Hij heeft een verrekijker en bespiedt den oploop die bij de
fabriek van Geerkens is. Wat zou daar zijn? De schildwacht snelt naar binnen en
laat zich niet meer zien. Als mijn emmers gevuld zijn met het thans zoo
kostbare vocht wil ik teruggaan, doch wordt door soldaten, die op een
snelrijdende kleine open auto gezeten zijn, duidelijk gemaakt, dat ik binnen
moet blijven. Hoewel ongaarne, voldoe ik hieraan, maar even later
steek ik toch de straat over en zie dat twee forschgebouwde,
bruingekleede soldaten door de Hoofdstraat patrouilleeren.
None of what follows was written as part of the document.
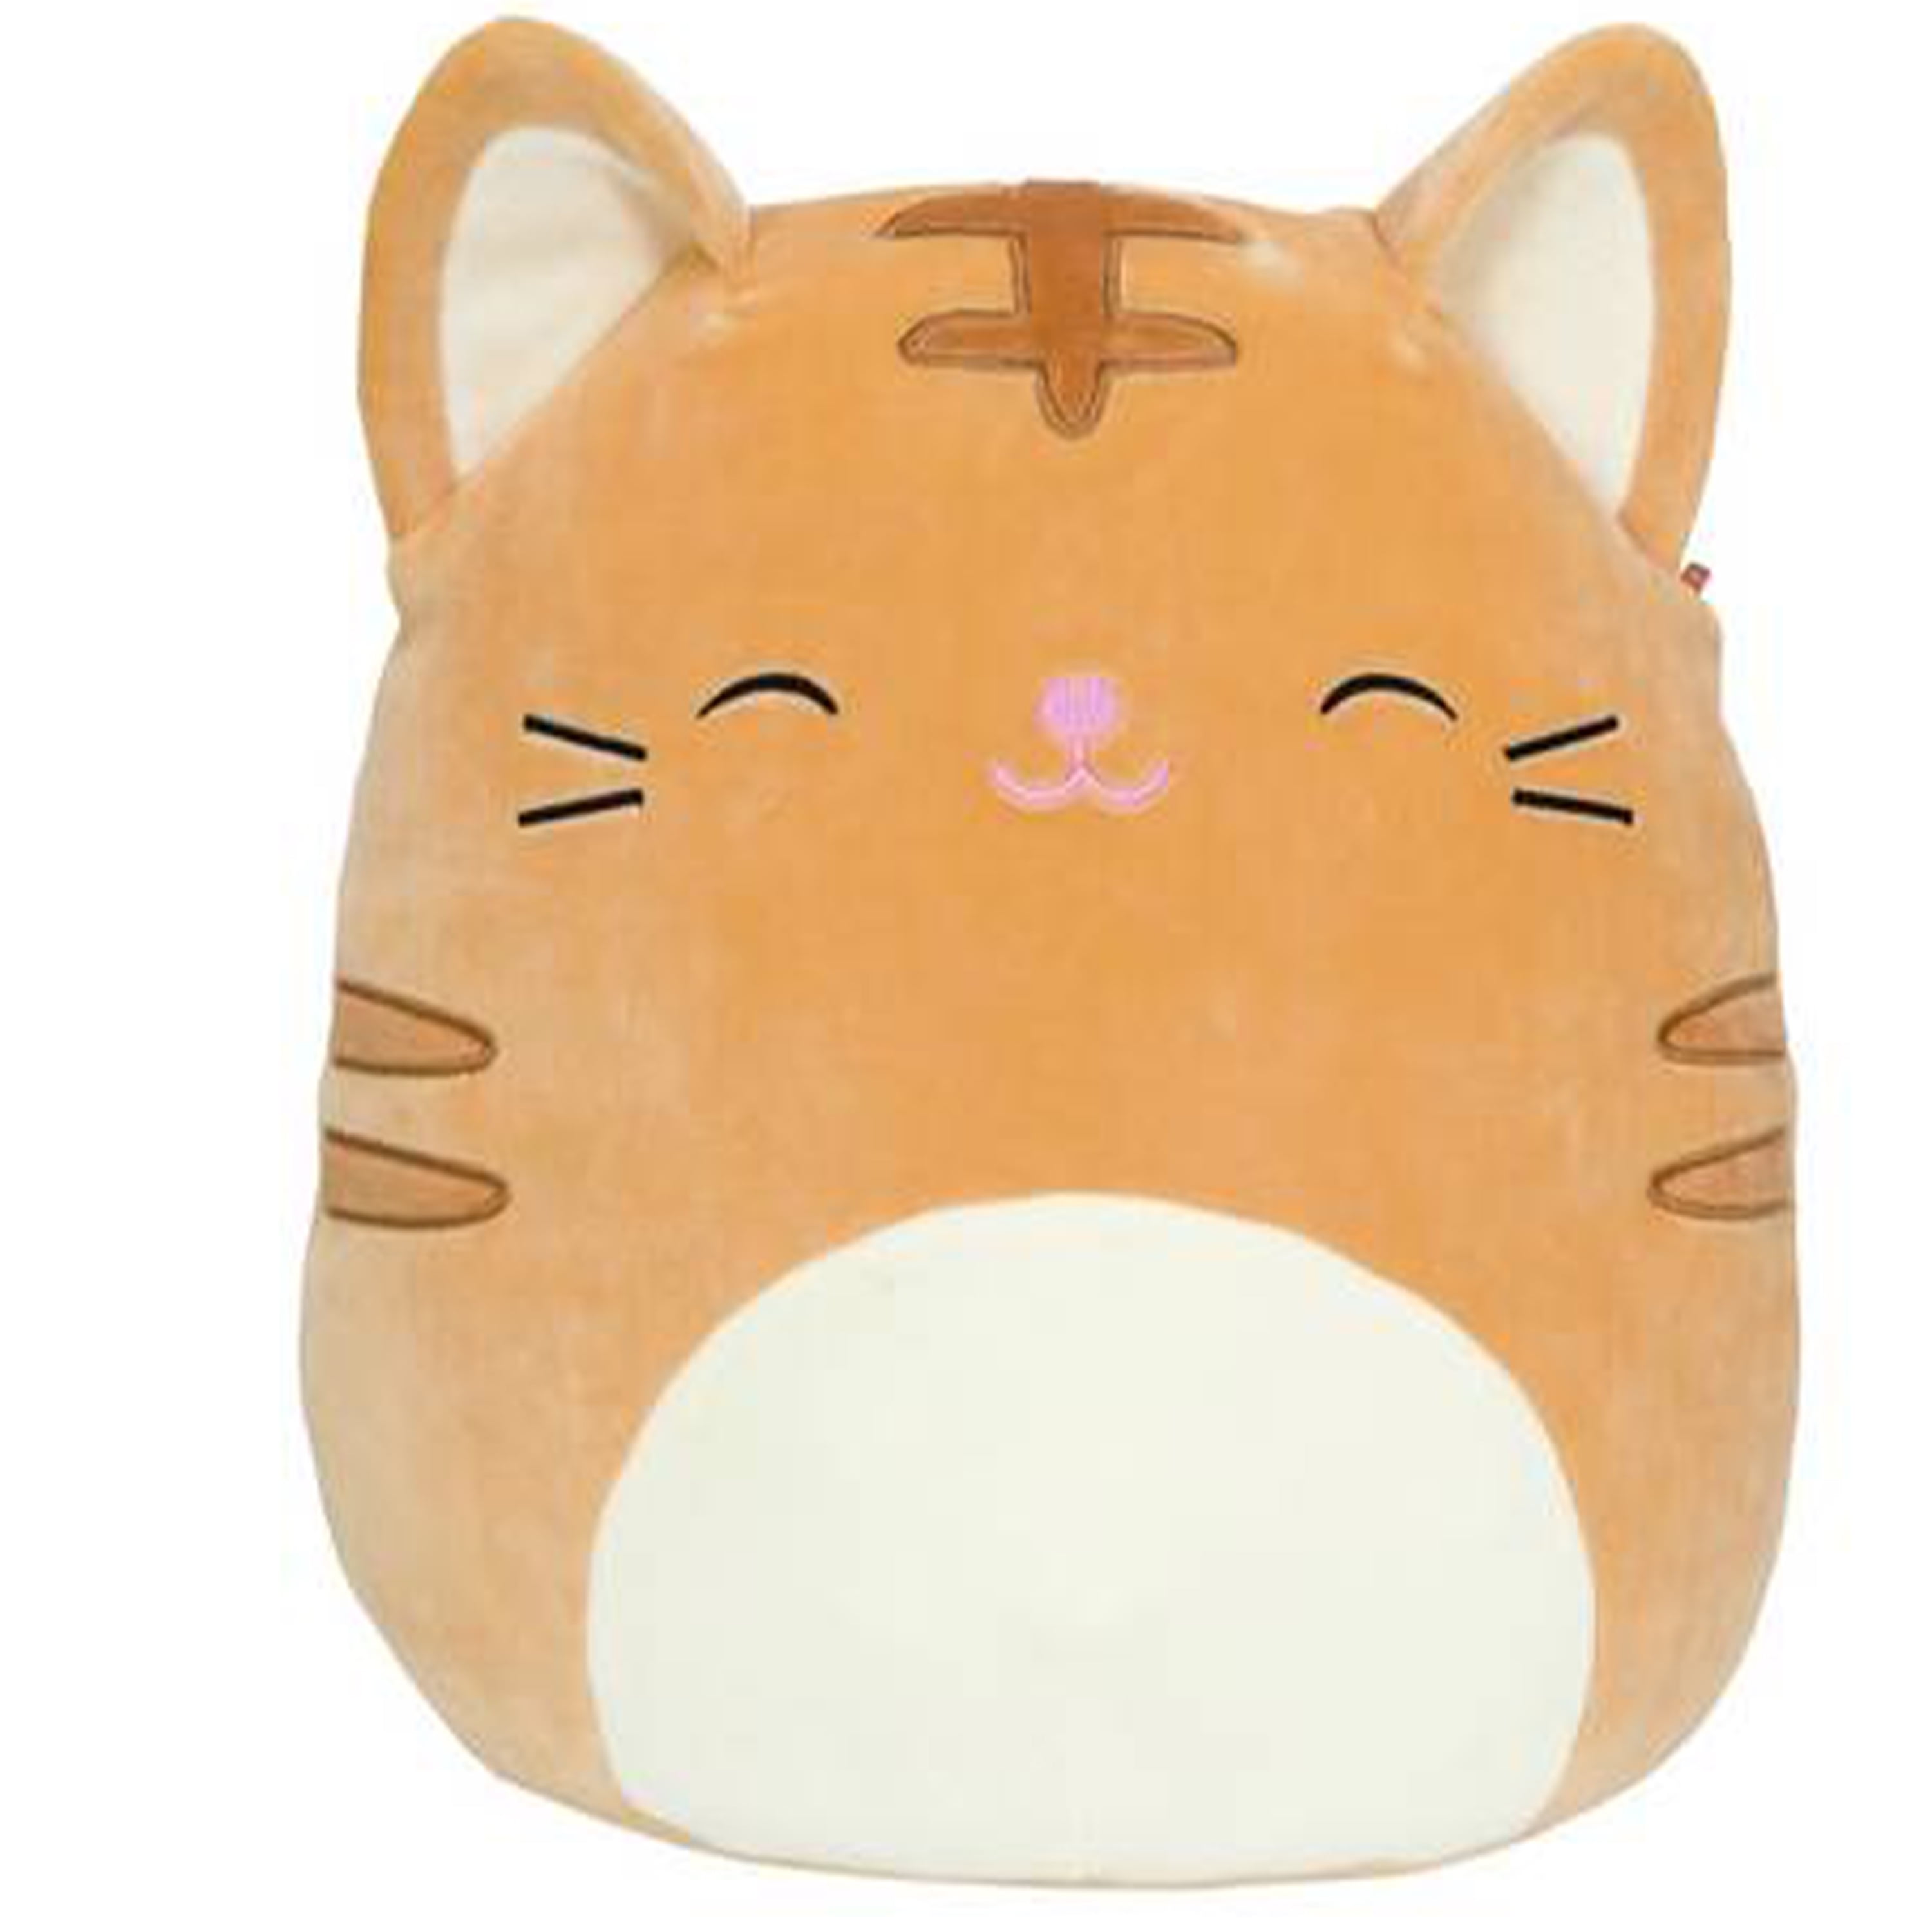 SQUISHMALLOW KELLYTOY JUMBO 16" NATHAN THE GOLDEN BROWN TABBY CAT SUPER SOFT NWT

Ze zijn er dus en
spoedig rook ik mijn eerste Gold Flake na jaren en praat honderd uit in m'n
beste Engelsch, om mijn en aller vreugde aan deze twee zonen van Schotland te
doen blijken."
Dat was om 8 uur en spoedig daverden de tanks door Schijndel.
Als een loopend vuurtje ging het rond en in een minimum van tijd was de
Hoofdstraat omzoomd met een menschenmenigte, wier aantal zoo groot was, dat
niemand had vermoed, dat zoovelen nog in Schijndel waren gebleven. En tusschen
die verheugde menschen, waarop de sporen van de doorgestane ellende duidelijk
te zien waren reden honderden tanks, jeeps en gevechtswagens, waarop en waarin
de gebruinde en welgevoede mannen van de Highland en de Desert-Rat-Division
gezeten waren.
Nadat de menschen
van hun verwondering over zooveel materiaal bekomen waren, barstte de vreugde
los en de juichkreten der bevrijde Schijndelaren werden door de Britten naast
hun, in den beginne zoo vreemd aandoenden hoofdknik, overvloedig beantwoord met
cigaretten en snoepgoed. Schijndel was dus bevrijd, bevrijd van Duitsche
bezetting, van roof en tyrannie, maar bovenal van de beschieting die vooral in
den laatsten nacht een zoo hevig karakter had aangenomen, dat velen reeds
besloten hadden ons dorp te verlaten. Doch nogmaals moesten wij het ontgelden,
want circa 12 uur klinken boven het geraas der passeerende tanks enkele
granaatinslagen. De Duitschers bliezen den aftocht door enkele schoten op het
fel omstreden Schijndel af te vuren en weer vielen er dooden op deze jubeldag,
die daarnaast ook de laatste granaat over en in ons dorp bracht. In den
voormiddag gingen velen eens kijken hoe Schijndel er uit zag en waarlijk Victor
Thompson, de verslaggever die Schijndel op den bevrijdingsdag bezocht,
overdreef niets in zijn artikel in de Daily Herald van 24-10-1944. Hierin
schrijft hij o.m.:
"Het begon den laatsten nacht, te middernacht onder een wal
van artillerievuur. Toen we Schijndel binnen "jeepten" hadden we de
gelegenheid te zien, welk een kracht er stak in de steun van onze artillerie.
Geen enkel huis is onbeschadigd. De kerktoren is kapot geschoten, de
kousenfabriek heeft het er niet beter afgebracht en heel wat kleinere huizen
zijn eenvoudigweg losse brokken ruwe steen. Niettegenstaande de vuurproef van
dit bombardement, dat heel de nacht door duurde tot in den morgen, toen onze
eerste patrouilles zich vechtend een weg baanden naar binnen, heeft het volk
ons hier begroet met "V" teekens en met toejuichingen".
Dit was October 1944, toen de natuur stierf over ons dorp, dat
toen verwoest en vervuild, daar lag als een oord van verschrikking, doch nu
herrijst en geneest van zijn wonden, die de granaatweken brachten, maar die
door eensgezinde werkkracht en goede wil tot
't verleden behooren of spoedig zullen behooren.